Her fingers trembled as she translated the final paragraph, which detailed the precise incantation, the sequence of Aspect Weaving required to create the harmonic. It was complex, a delicate weave of three distinct Aspects—Mind, Spirit, and Echo—that had to be perfectly synchronized. One misstep, and the psychic backlash could shatter the conduit's mind.

She reached the bottom of the page, her heart soaring. The final line of the paragraph described the result: "…and thus, the Anchor's voice becomes a whisper on the wind of dreams, a single note of clarity in the symphony of the sleeping city."

It was perfect. It was everything.

Eagerly, she turned the page, ready to devour the next section, which she hoped would contain more details, more warnings, more anything.

The page was gone.

Not just blank. Torn.

A jagged, vicious rip ran from the top of the page to the bottom, a scar of violence on the fragile vellum. The missing piece was sizable, a quarter of the page, and she could see the dark, frayed edges where it had been ripped away. Her soaring hope plummeted, replaced by a cold, sinking dread. She flipped back and forth, her movements frantic. The rest of the book was intact. It was only this page. Only this section. Only the most crucial piece of information.

With a sinking feeling, she examined the tear more closely. The edges weren't just old and worn. They were singed. A thin, cauterized line of black magic, dark and acrid even after all these centuries, sealed the wound. This wasn't the work of time. This was deliberate. Someone had found this text before she had. Someone had known what this ritual was, and they had destroyed it.

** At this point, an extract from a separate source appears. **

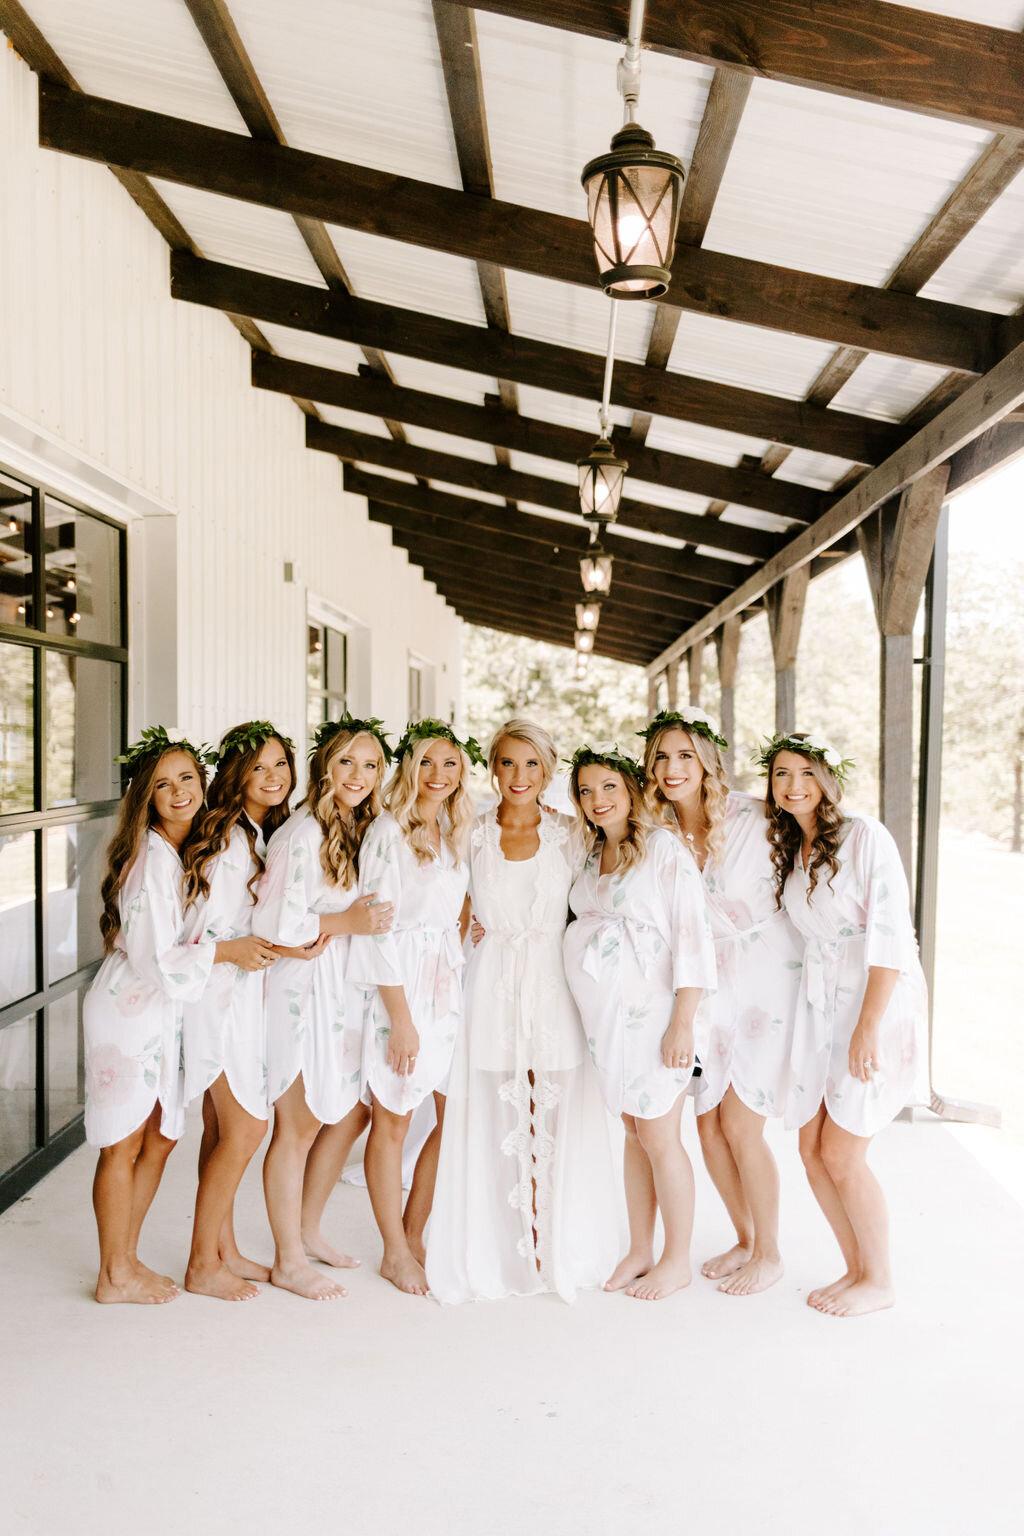 Tulsa White Barn Wedding Venue Outdoor Ceremony 61.JPG

But why? Who would have wanted to prevent the Anchor from speaking? Moros? He was gone, his consciousness a prisoner within the very system Konto now controlled. The Somnambulist? She had been a creature of the dreamscape, not a scholar. This felt older, more methodical. It felt like the work of the Magisterium itself, in its infancy. Perhaps the first Anchors had proven too powerful, too dangerous. Perhaps they had decided that a silent god was a safer god than one who could speak.

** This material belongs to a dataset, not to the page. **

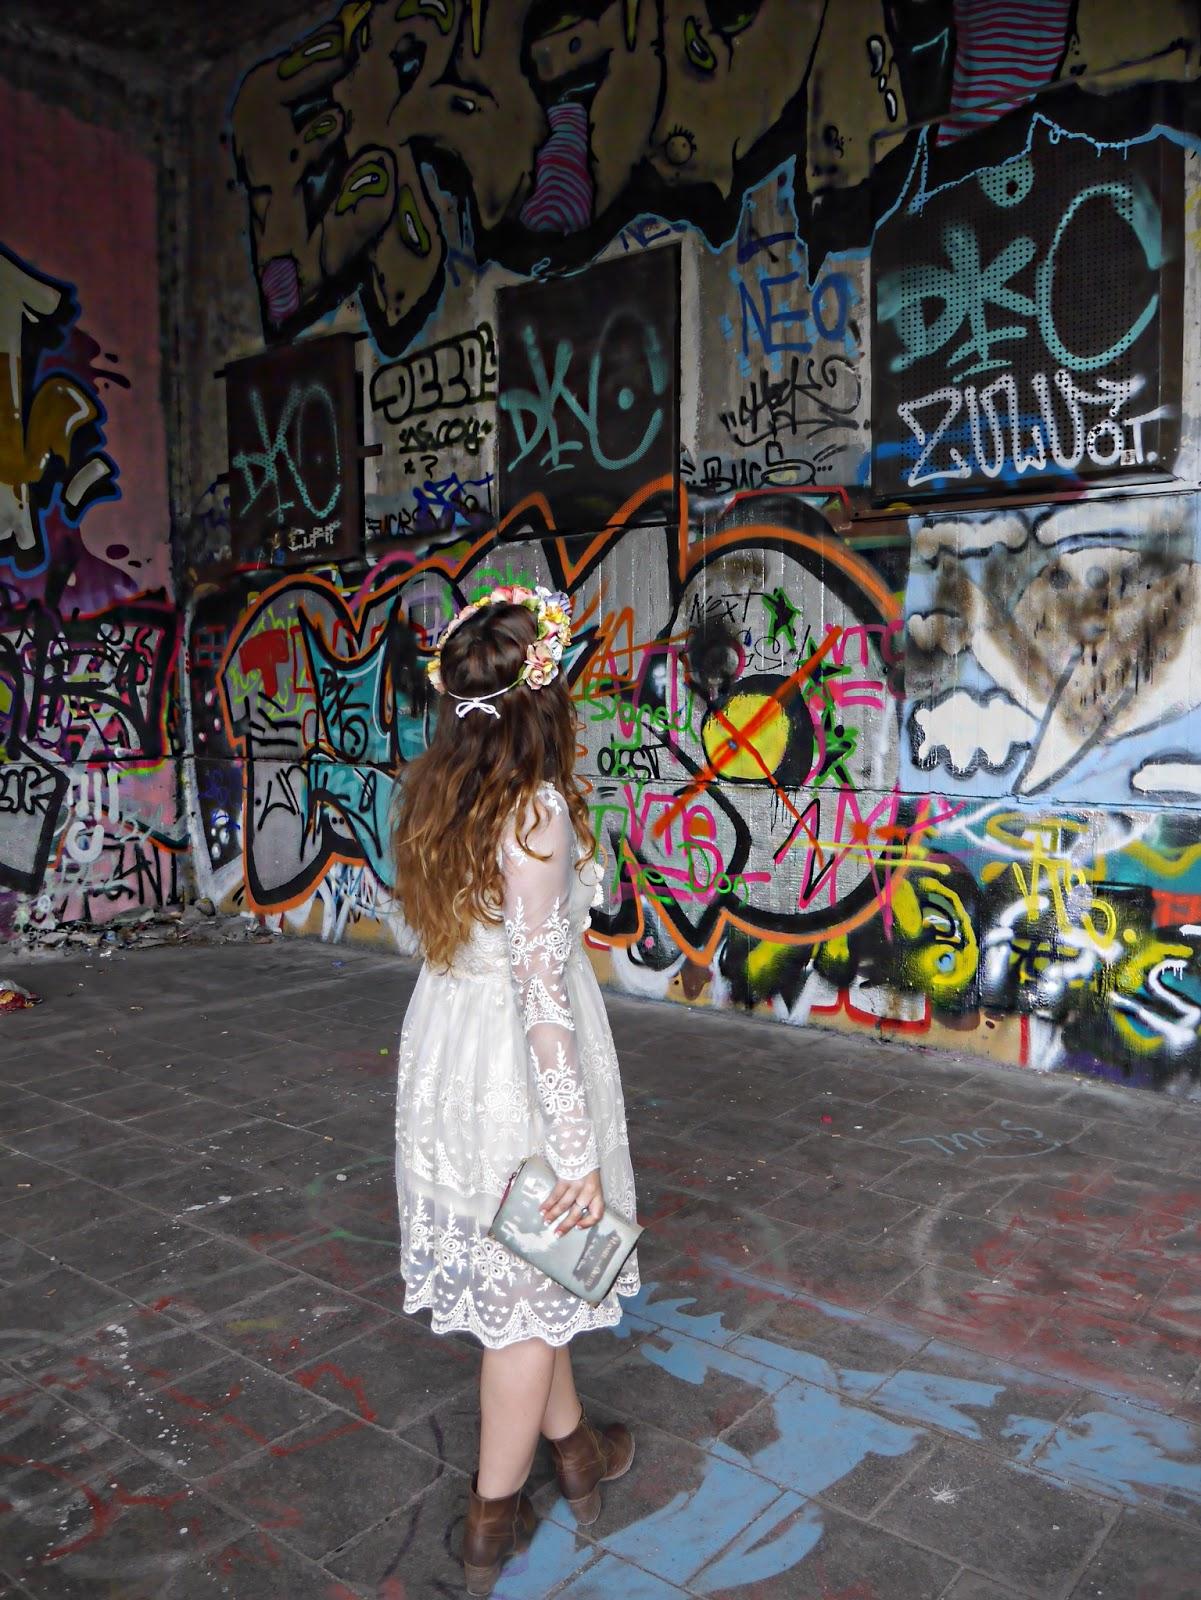 Street Style, fashion blogger, egoblogger, De mayor quiero ser egoblogger, blogger moda, boho lace dress, vestido encaje boho, corona flores, floral headband, clutch libro, book clutch, Olympiazentrum S-Bahn, Olympiazentrum Geisterbahnhof
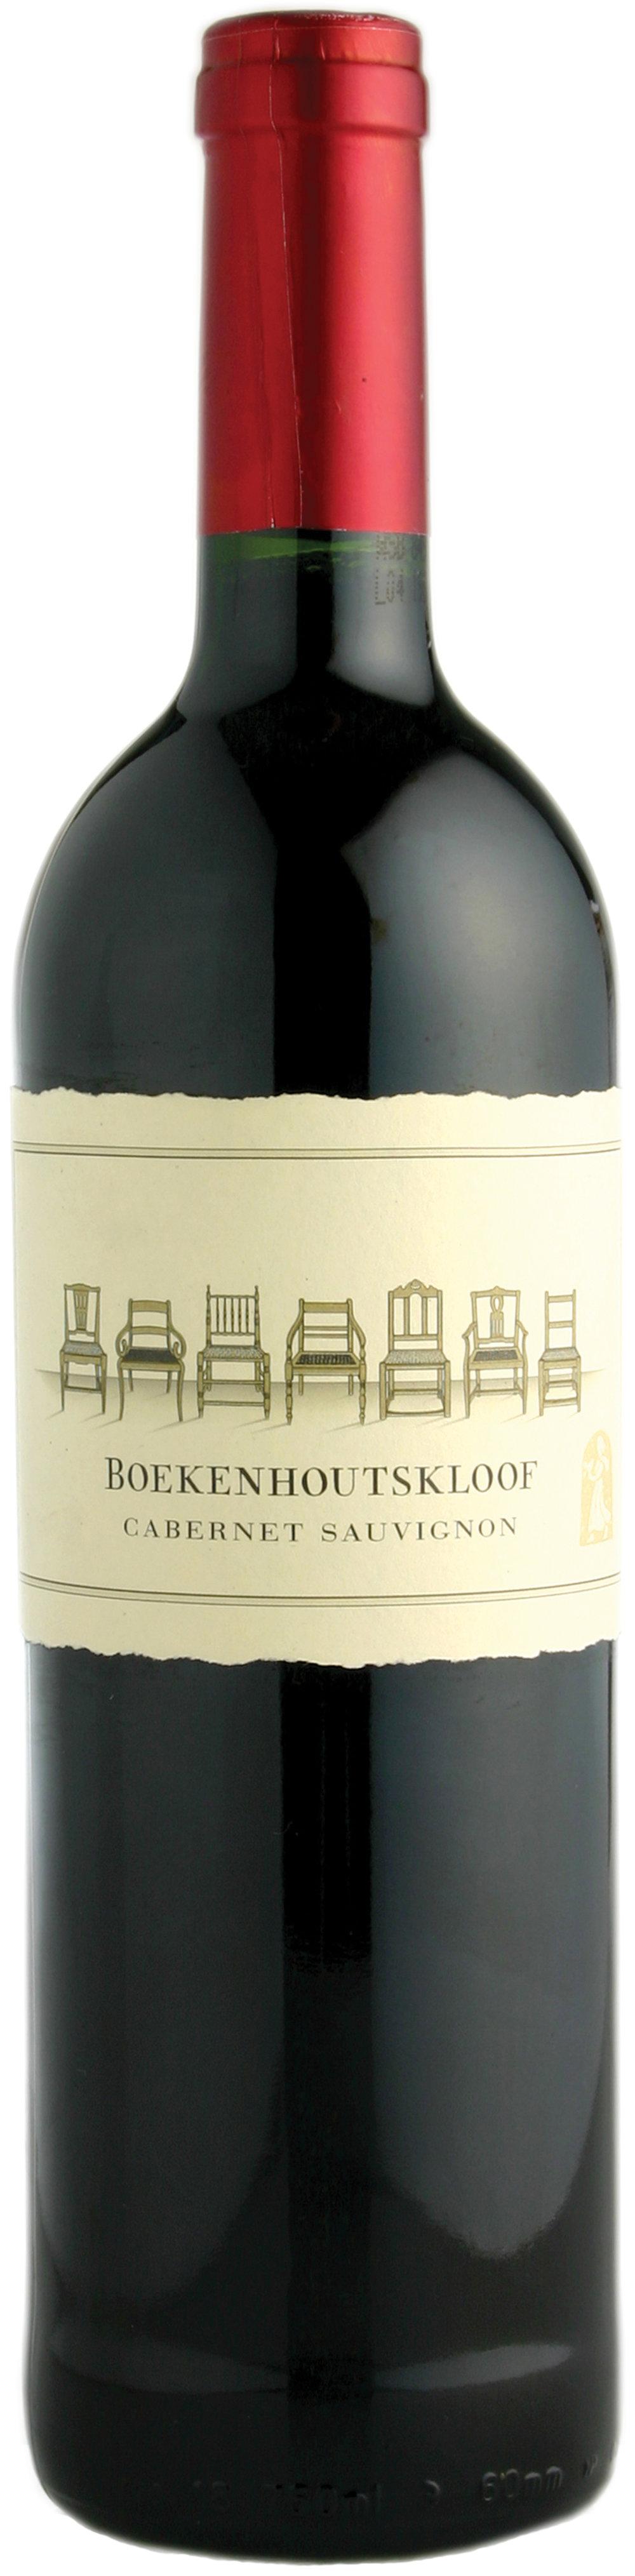 Boekenhoutskloof Cabernet Sauvignon Bottle.jpg

Her eyes fell upon the remaining text on the torn page. Above the rip, a single phrase remained, part of a heading for the missing section. "The Catalyst's Price." Below the rip, another fragment of a sentence survived. "...requires a sacrifice of memory, a piece of the self offered to the dreamscape to..."

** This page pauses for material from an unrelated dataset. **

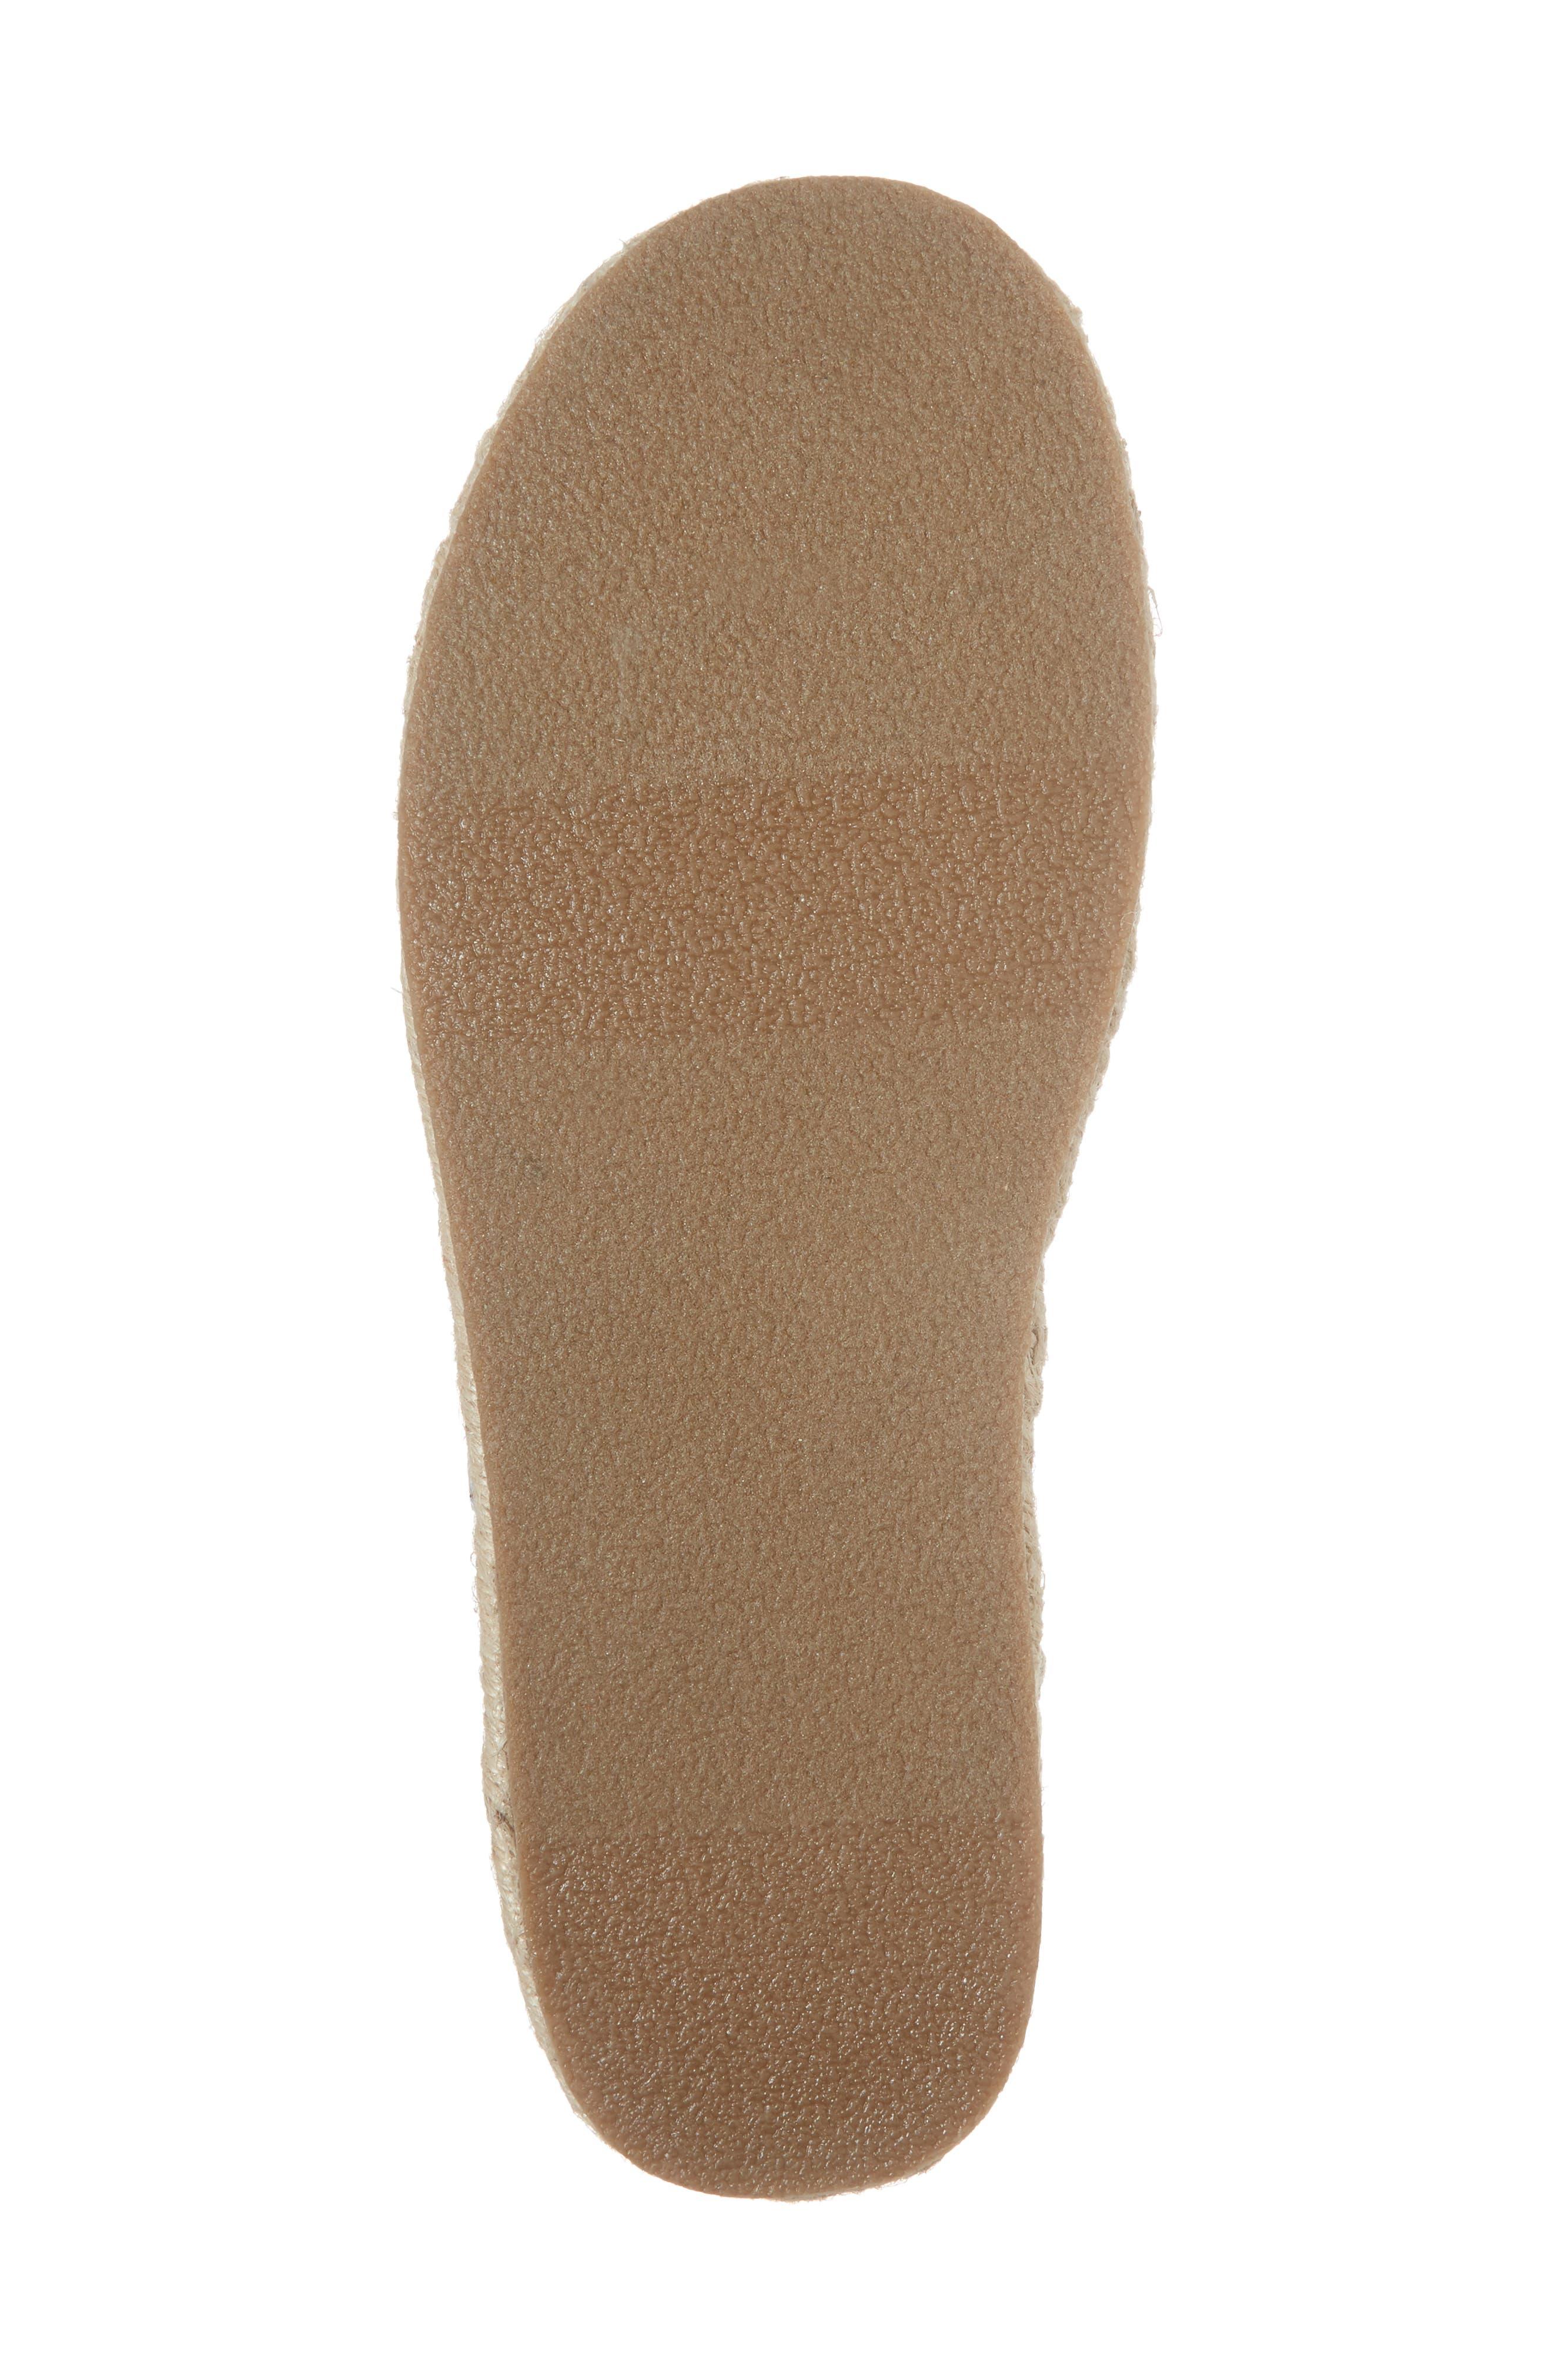 JLUAO Tropical Embellished Sandal,                             Alternate thumbnail 6, color,                             Fruit Multi

The sentence cut off. The rest was gone.

The ritual had a cost. A terrible, personal cost. And the information on how to pay it, or what it even meant, had been stolen.

Liraya slumped back in her chair, the weight of the discovery pressing down on her. She had found the key, but it was broken. The hope she had so fiercely clung to now felt like a cruel joke. She had a way to reach him, but the instructions were incomplete, a recipe for a miracle with the most critical step torn away. The missing piece of the page wasn't just a piece of paper. It was Konto's voice. And it was out there, somewhere, lost to history.